Getty Images holds copyright to more than 80 million images, including some of the most famous shots in the world. It licenses them for reproduction.

It claims that on Aug. 22 Microsoft released a new service called Bing Image Widget, which "allows website publishers to embed a panel on their websites that will display digital images supplied by defendant through its proprietary 'Bing Image Search' search engine, based on search queries of the website publisher's choosing. The resulting display, defendant tells website publishers, 'enhances your website ... and provides your users with beautiful, configurable image galleries and slideshows."

The complaint continues: " What defendant fails to mention, however, is that these 'beautiful, configurable image galleries and slideshows' typically consist of copyrighted images, including images whose copyrights are owned or controlled by plaintiff. Rather than draw from a licensed collection of images, defendant gathers these images by crawling as much of the Internet as it can, copying and indexing every image it finds, without regard to the copyright status of the images and without permission from copyright owners like plaintiff. The supply of images for the Bing Image Widget is therefore in the billions - essentially, the entire universe of images that defendant can find on the Internet - including plaintiff's highly valuable copyrighted works.
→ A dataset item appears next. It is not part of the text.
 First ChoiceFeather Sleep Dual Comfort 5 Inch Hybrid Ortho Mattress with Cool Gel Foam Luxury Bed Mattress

In effect, defendant has turned the entirety of the world's online images into little more than a vast, unlicensed 'clip art' collection for the benefit of those website publishers who implement the Bing Image Widget, all without seeking permission from the owners of copyrights in those images."

Getty claims Microsoft is doing "immense and irreparable" injury to it, as Getty's income is "critically dependent" on its licensing of artwork.

"By freely providing these images to websites after having copied them from other websites (without any permission to do so), defendant has all but eliminated the incentive of website publishers to seek proper licenses from plaintiff for the right to display its images on their websites. Given the nature and scale of defendant's conduct, the actual injury to plaintiff is incalculable and cannot be remedied by monetary damages alone." (Parentheses in complaint.)

Getty Images seeks an injunction and actual and statutory damages.

It is represented by Kenneth Doroshow with Jenner & Block.